3. DELIVERY OF MATERIALS
Unless otherwise agreed in writing, prices include delivery F.O.B. Job Site. “F.O.B. Job Site” means trucks carrying maximum legal loads operating under their own power, with delivery as close to the job or accessible storage area as Seller deems practical. Purchaser shall provide suitable access for Seller’s delivery trucks (without pushing or towing of the truck), traffic control and labor (at least two (2) people) to assist in the off-loading of materials. Purchaser agrees that the receiving/installation location will be properly prepared and ready to receive the materials at the time specified in writing. Standby time in excess of one (1) hour from the time of arrival of Seller’s trucks at the designated point will be at Purchaser’s expense and charged to its account.
4. RISK OF LOSS
When materials are sold “F.O.B. Plant,” delivery of materials therefor shall be accomplished at Seller’s plant, and Purchaser shall bear all risks of loss, damage, injury or liability associated with transportation and placement of materials. When materials are specified to be sold “F.O.B. Job Site,” delivery shall be accomplished at agreed upon Purchaser job site, and Purchaser bears all risk of loss or damage to the materials once delivered by Seller.
5. SECURITY INTEREST
Purchaser hereby grants Seller a security interest in all products, materials, component and related parts sold hereunder, whether or not the same become fixtures. Should Purchaser fail to pay all or portions of any amounts due and payable hereunder, breach this Contract or otherwise default, Seller shall have all rights and remedies as a secured party available to it under law or equity including but not limited to rights of self-help (i.e., without notice) to repossess all or any portion of such materials.

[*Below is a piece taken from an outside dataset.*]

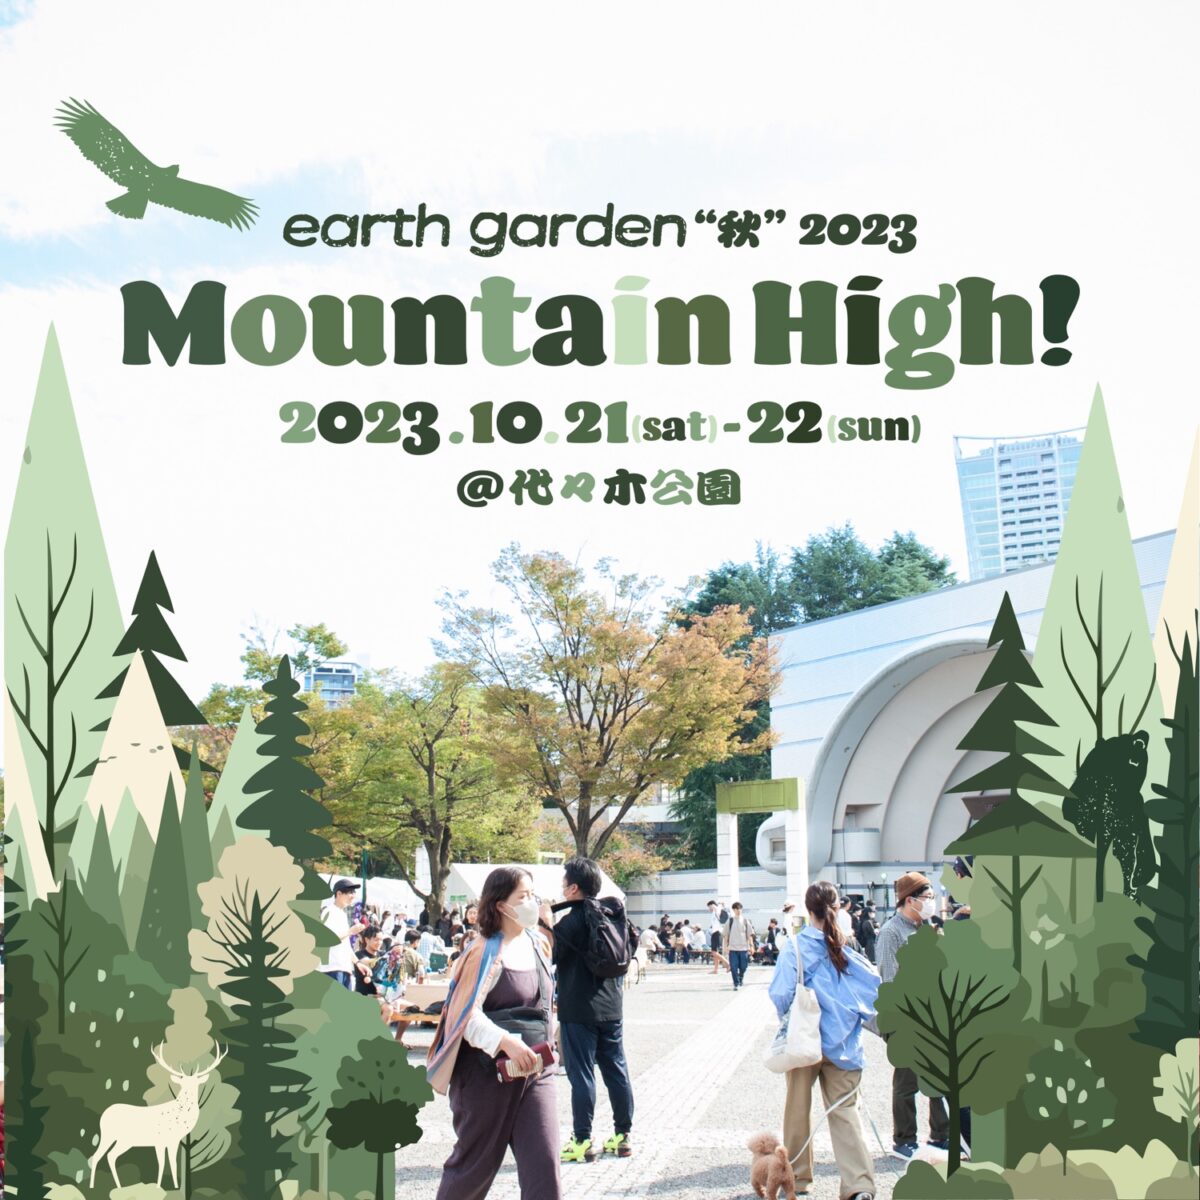 【アースガーデン秋】earth garden ”秋” 2023 Mountain High!!

6. PRE-ENGINEERED PRODUCTS
Unless otherwise agreed to by Seller in writing, all materials sold by Seller hereunder are pre-engineered products manufactured in accordance with standard catalog data, and are not intended for unusual or specific Contracts. If Purchaser requires specially engineered materials, Purchaser must approve in writing all applicable specifications and drawings for such specially engineered materials before Seller will commence production of the same.
7. WARRANTY, DISCLAIMER LIMITATIONS ON LIABILITY
Unless otherwise agreed to in writing by both parties, Seller warrants only that, for a period of one (1) year after installation, Seller products or materials sold hereunder shall be free from material defects in workmanship. Any failure by Purchaser to timely pay any or all amounts due hereunder shall automatically void this express warranty made by Seller. No agent, employee or representative of Seller has authority to bind Seller to any affirmation, representation or warranty concerning any products or materials sold to Purchaser, unless and until said affirmation, representation or warranty is expressed in writing and signed by an authorized Seller representation. The description of the goods contained herein is the sole basis for this agreement, and no statements or representations other than those embodied herein have been made or relied upon.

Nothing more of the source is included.